Published originally in StorageReview.com
The containerization of development, testing and production operation’s workflows is revolutionizing IT management at all levels, whether for customer-facing or internal applications and services. Organizations gain development and time-to-deployment efficiencies by using microservice-based architectures built on containers and utilizing container orchestration frameworks such as Kubernetes.
The transition from classic IT to container-based approaches often originates from grass root efforts by DevOps teams or departments creating a prototype environment that other teams then replicate. While these teams do this to gain efficiency and flexibility, the result often is silos of DevOps clusters and thus either poor performance (not enough resources) or poor utilization (resources underutilized outside of peak demand hours). Usually it is both; while one team is “under water” with their resource demand and supply, other teams may have lots of idle cycles available. Worse, teams often overprovision and then the costs are huge. Industry standards for cluster utilization often are in the 20% range.
Consolidating clusters (or cloud accounts, for that matter) from many into fewer, ideally into just one, and sharing the resources across teams and use cases is the recipe to drive up performance and output while reducing costs. Consolidation and sharing really allows you to do more with less – if you can share effectively, automatically and fairly.
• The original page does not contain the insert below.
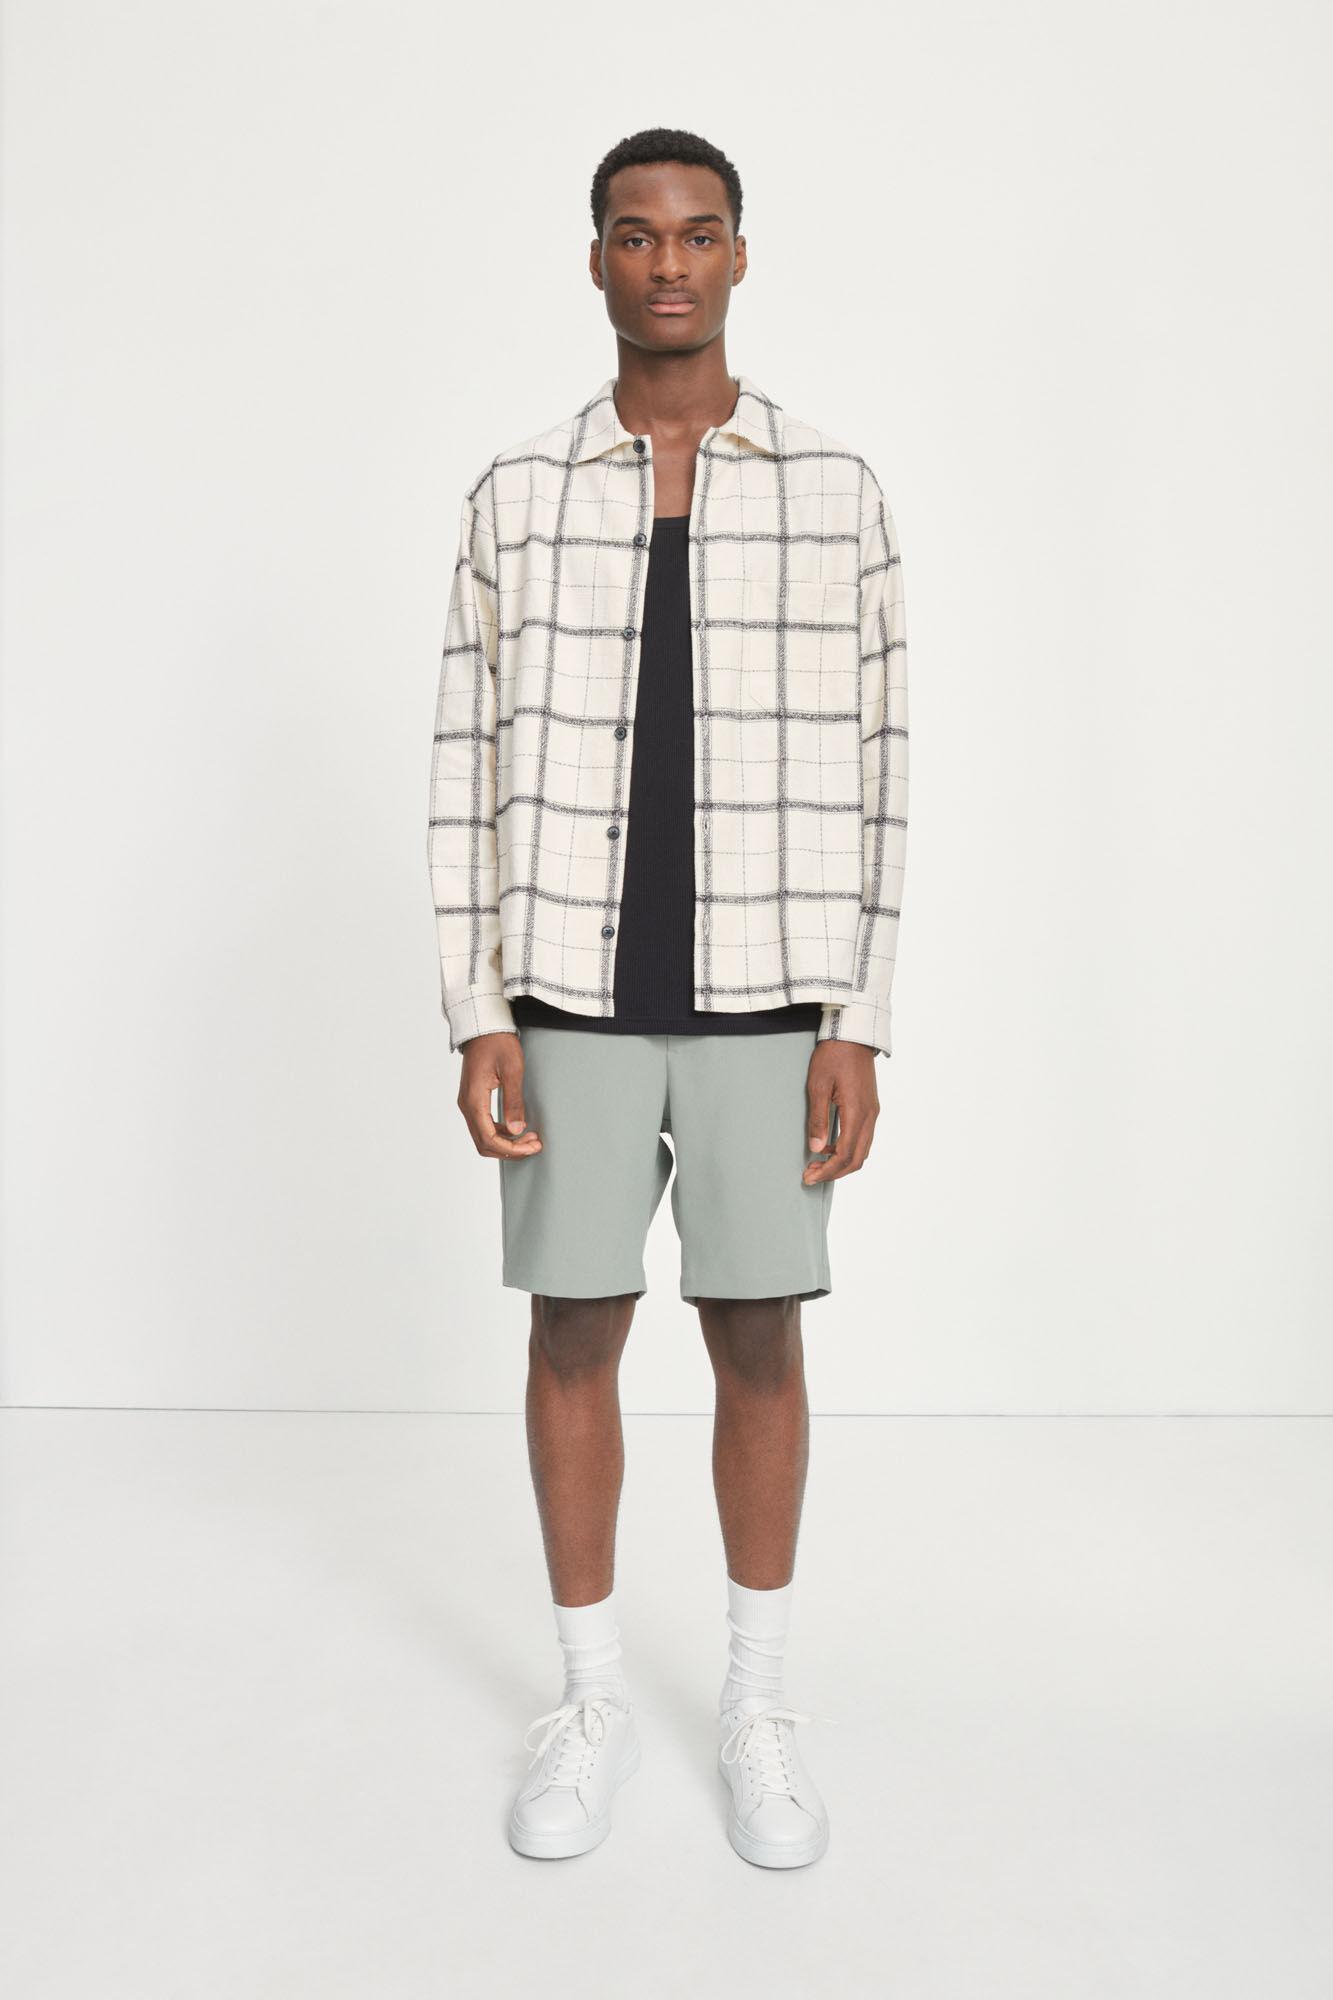 Castor Checker Overhemd Crème Wit 14046-2

Current container orchestration frameworks such as Kubernetes, Docker Swarm or Mesos do not allow you to accomplish that out of the box, however. Kubernetes and Swarm provide simplistic workload distribution schemes such as ‘spread’ (round-robin), ‘pack’ or ‘random’ and otherwise require you to segment cluster resources manually via concepts like namespaces or labels. In Mesos different types of workloads (e.g. Spark, Hadoop or services under Marathon) bring their own scheduler that might or might not offer some resource sharing policies (with its own logic and configuration) but the workloads will fight each other for resource access and there is no overarching policy system that understands what the most important workloads are for a business and how to meet its needs while not overcommitting resources to it.
For non-trivial resource sharing use cases, each of these systems will require a lot manual intervention and will still either require overprovisioning or suffer from performance impacts caused by resource conflicts.
What is truly needed for being able to share a resource pool across organizations and arbitrary types of (containerized but also non-containerized) workloads is an advanced policy system that understands workload characteristics and business priorities so that it can automate decision making on resource allocation and re-allocate resources on demand when the boundary conditions or demands change.
Navops Command is a currently quite unique example for such a capability. It augments Kubernetes and adds sophisticated, dynamic and demand driven policies that automate decision-making on the prioritization of workloads and on resource consumption at any given point in time. Compared to other container orchestration frameworks, Kubernetes provides the richest set of production strength capabilities to manage workloads reliably (such as automated controllers for replicas, jobs, deployments, workload admission, etc). With Navops Command on top of Kubernetes you can run software builds, automated tests and production deployments of several applications and service environments on the same cluster or cloud pool. The DevOps tasks and production services can come from multiple teams and have different importance that may very over the course of the day. Navops Command ensures that none of the related workloads get in the way of each other while performing as required at the same time.
Picture 1: Navops Command policy ‘Proportional Shares’ automating resource sharing across groups, projects and individuals
With Navops Command it is possible to attain cluster utilization rates of 80% and even higher. It delivers its benefits even within a single team when you run various tasks like build, test and operations, and it renders even more benefits when you share across teams.
Navops Command demonstrates what is required to effectively run microservice-based applications as well as other containerized workloads on a shared environment (on-premise or cloud). It is currently available for any type of Kubernetes distribution and can be evaluated easily as described here.
About the author
Fritz Ferstl is the currenty CTO and Business Development EMEA at Univa Corporation.
Fritz Ferstl brings 20 years of grid and cloud computing experience to Univa, and as the Chief Technology Officer he will help set technical vision while spearheading strategic alliances. Fritz, long regarded as the father of Grid Engine software and its forerunners Codine and GRD, ran the Grid Engine software business from within Sun Microsystems and Oracle for the past 10 years, taking it from an upstart technology to the most widely deployed workload management solution in some of the most challenging data center environments on the planet. Under Fritz’s leadership Grid Engine software was open sourced and has grown a vibrant community.